The ink is barely dry, but today Hawk and Owl Trust are celebrating watching the mid-summer sun rising over their new land area. They have ‘signed on the dotted line’ in the purchase of 150 acres of land surrounding their existing 45 acre Sculthorpe Moor Nature Reserve near Fakenham in North Norfolk. The reserve is famous for its wildlife and habitats and with the addition of the new land will offer a home to a vast range of wildlife from plants and fungi, to Otters and birds of prey. Public support for the appeal to raise the £1.7million needed to buy the land and turn it into a wildlife paradise has been astonishing, with enough raised in just two years to enable the land to be secured and the three-year project to manage the land and develop the infrastructure to be started.

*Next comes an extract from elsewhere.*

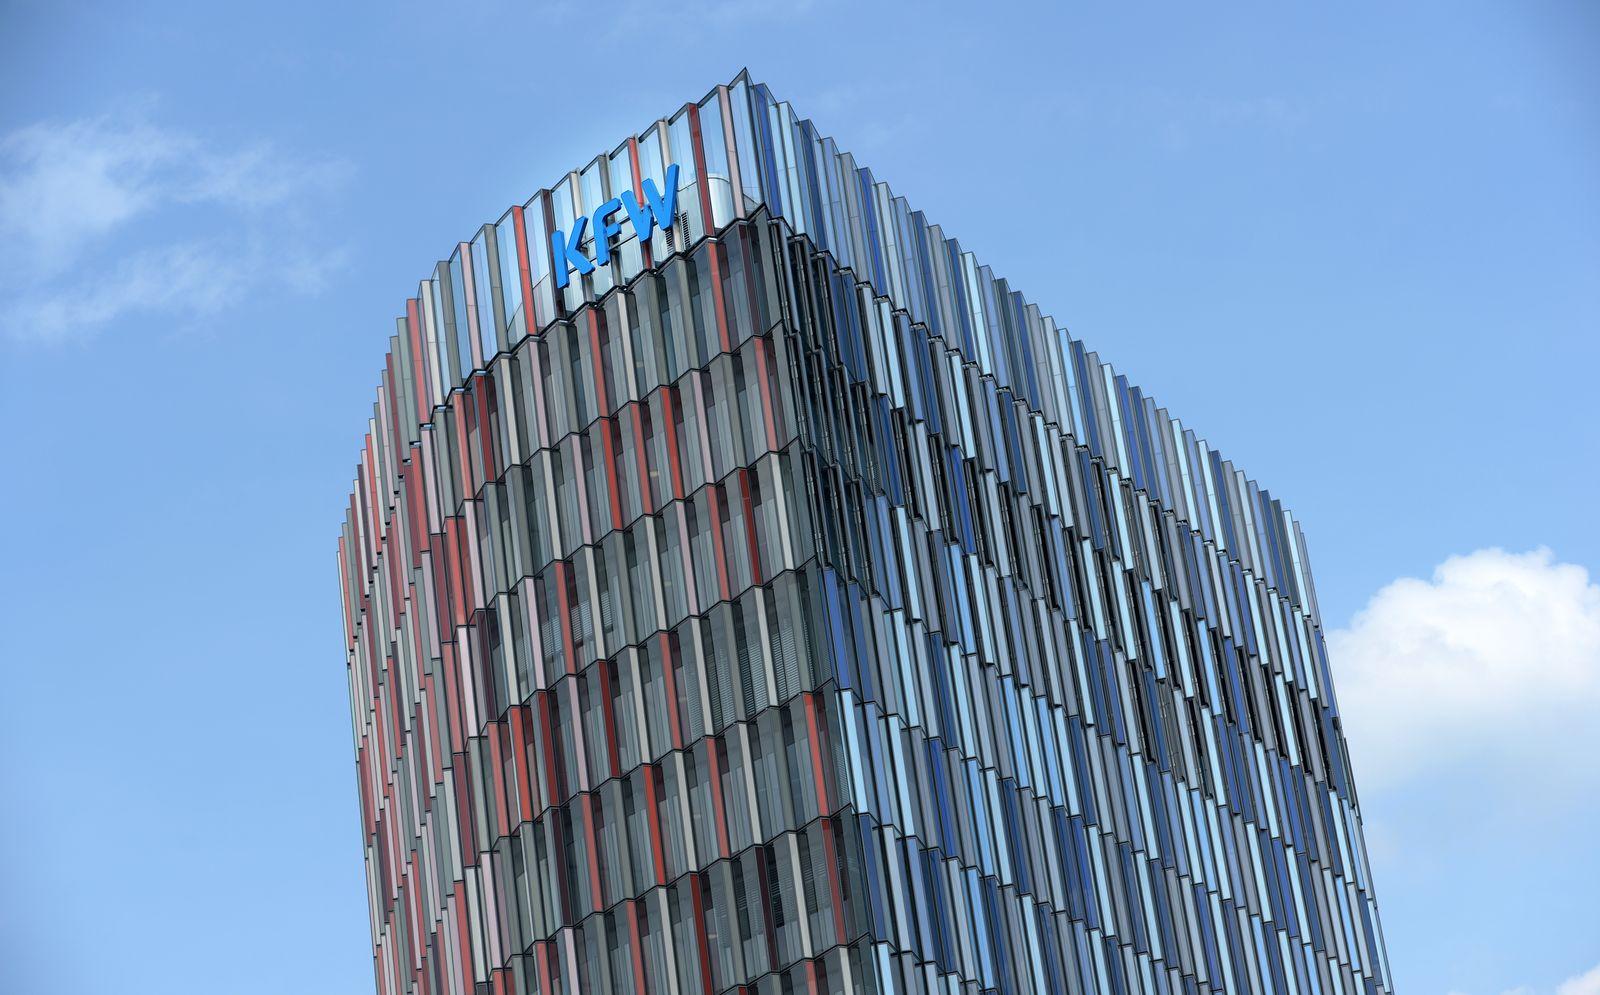 Förderbank KfW in Frankfurt

The project relied on a major Heritage Lottery Fund award, and a significant amount has also been donated by the Local Enterprise Programme (LEP).

The Hawk and Owl Trust, can’t wait to get started on delivering the 3-year project to allow public access to the land and develop the habitats to make the land more suitable for the widest range of wildlife using their proven land management techniques. Sculthorpe Moor Nature Reserve is already one of the country’s most accessible reserves and is internationally recognised for its wildlife. The reserve is located in the beautiful Wensum Valley in Norfolk, and is a marvellous, peaceful place with a huge variety of wildlife in a rich and unusual mosaic of woodland, fen and reedbed habitats. At only 18-hectares (45 acres), the existing reserve is easy to explore and offers everyone a real opportunity to get involved with the natural environment. Small but perfectly formed: a real gem, it is recognised how important being out in the fresh air is to our mental well-being.

The two large areas of land on either side are currently rough grassland and were about to be put on the open market for sale. Hawk and Owl Trust were given two years to raise the money to purchase the land and begin the project and thanks to the generosity of a huge number of visitors and supporters, alongside a large Heritage Lottery Fund application and significant donations from individuals and the Local Enterprise Programme (Norfolk LEP).

The new area of land has a rich history of peat cutting, gravel extraction, gunpowder manufacture, brush making, shooting range, charcoal making and water mills. The Trust’s vision for the area is about so much more than amazing wildlife. The future will see a rich ecosystem co-existing with the local community with access for all, rural history, rural crafts and traditional sustainable management benefiting the landscape, people and wildlife. The three-year project to deliver the vision for the reserve will begin on August 5th as the diggers roll onto the barren fields to scrape away the first bucket loads of soil in the formation of open water and redirection of the ditches. A new entrance near the visitor centre will be the next task, as boardwalks and other fully accessible pathways will be taking shape around the reserve.

As wildlife struggles more with loss of habitat, man-made obstacles and changing climate, nature reserves are an increasingly important oasis. Likewise, it is now recognised that activity out in the fresh air, and enjoying mature, are crucial to our own health and mental well-being. One of the key goals at Sculthorpe has always been accessibility to all, allowing everyone that chance to experience wild places. A programme of activities, and the opportunity to get involved and volunteer have always been a key role and the new land will enable the Trust to offer this to even more people.